We assessed global gene expression patterns for PIAS3 expression across all types of cancer cell lines in the Cancer Cell Line Encyclopedia (CCLE) database (http://www.broadinstitute.org/ccle/home; ref. 19). When cancer cell lines derived from solid tumors were compared, very low levels of PIAS3 were found in mesotheliomas (Fig. 1A). When we specifically compared PIAS3 expression between NSCLC and mesothelioma cells, we found a significant difference in PIAS3 mRNA expression (Fig. 1B; P < 0.0007). On the basis of these observations, we further searched the Oncomine database (https://www.oncomine.org/resource/login.html) for analysis of PIAS3 expression in tumor tissues. The study by Gordon and colleagues (20) compared PIAS3 expression in thoracic cancers. The results demonstrated that mesothelioma showed significantly lower expression of PIAS3 (P < 0.001) compared with adenocarcinoma (Fig. 1C).

Figure 1.

Mesothelioma shows low PIAS3 expression in public datasets. A, global gene expression pattern for PIAS3 across all types of cancer cell lines in the Cancer Cell Line Encyclopedia (CCLE) database. B, PIAS3 expression in NSCLC and mesothelioma cells, showing a significant difference in PIAS3 mRNA expression in the CCLE database. C, Whisker plots showing the Log2 median-centered intensity of PIAS3 expression in Gordon lung. Compared with adenocarcinoma, PIAS3 expression in mesothelioma tissue samples is significantly lower.

Figure 1.

Mesothelioma shows low PIAS3 expression in public datasets. A, global gene expression pattern for PIAS3 across all types of cancer cell lines in the Cancer Cell Line Encyclopedia (CCLE) database. B, PIAS3 expression in NSCLC and mesothelioma cells, showing a significant difference in PIAS3 mRNA expression in the CCLE database. C, Whisker plots showing the Log2 median-centered intensity of PIAS3 expression in Gordon lung. Compared with adenocarcinoma, PIAS3 expression in mesothelioma tissue samples is significantly lower.

Close modal

PIAS3 expression predicts survival intervals of patients with mesothelioma

We also investigated PIAS3 expression at the protein level. TMAs were obtained from the NMVB and PIAS3 expression analysis was performed by IHC. Representative pictures of PIAS3 staining and scoring for epithelioid cores are shown in Fig. 2A. PIAS3 protein expression observed in the mesothelioma TMA showed mostly nuclear localization. The mean score for PIAS3 expression was 1.46 ± 0.65; and the median was 1.71. Thus, about half of the tissue cores demonstrated low or negative PIAS3 staining. These results demonstrated that PIAS3 expression in a subset of mesothelioma tumors was consistent with the mRNA expression results.

Figure 2.

Mesothelioma tumors demonstrate reduced PIAS3 expression.
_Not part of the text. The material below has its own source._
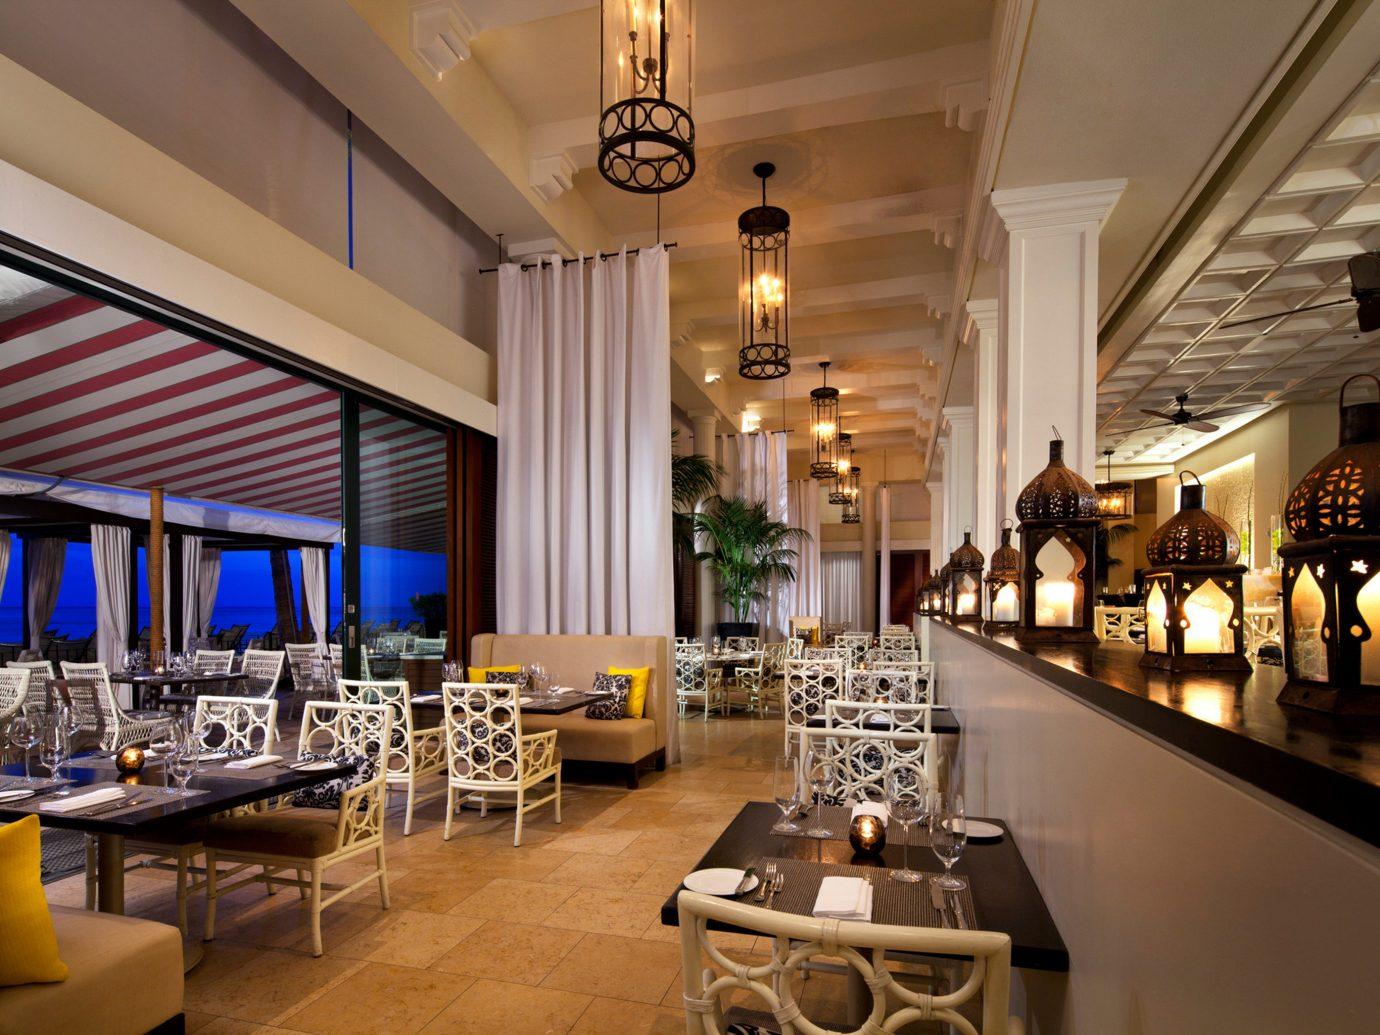 Boutique Hotels Hawaii Honolulu Hotels table indoor room restaurant function hall meal interior design estate Lobby Dining Design ballroom furniture Bar Island

A, IHC of mesothelioma tissue microarray: Representative pictures of PIAS3 staining and scoring. B, Kaplan–Meier estimation of OS by PIAS3 level (epithelioid histology only, from Cox model).

Figure 2.

Mesothelioma tumors demonstrate reduced PIAS3 expression. A, IHC of mesothelioma tissue microarray: Representative pictures of PIAS3 staining and scoring. B, Kaplan–Meier estimation of OS by PIAS3 level (epithelioid histology only, from Cox model).

Close modal

To determine whether PIAS3 expression levels are correlated with the survival intervals of patients upon diagnosis of the disease, we analyzed PIAS3 scoring of 39 epithelioid tumors with available patient survival information. We did not analyze other patients with mesothelioma with biphasic, sarcomatoid, and mixed histologies due to their low frequency. Kaplan–Meier survival analysis (21) showed that after controlling for the effects of tumor grade, PIAS3 expression significantly predicted OS intervals (P = 0.058). Mortality in patients with high PIAS3 expression was about 44% lower 12 months after diagnosis (Fig. 2B).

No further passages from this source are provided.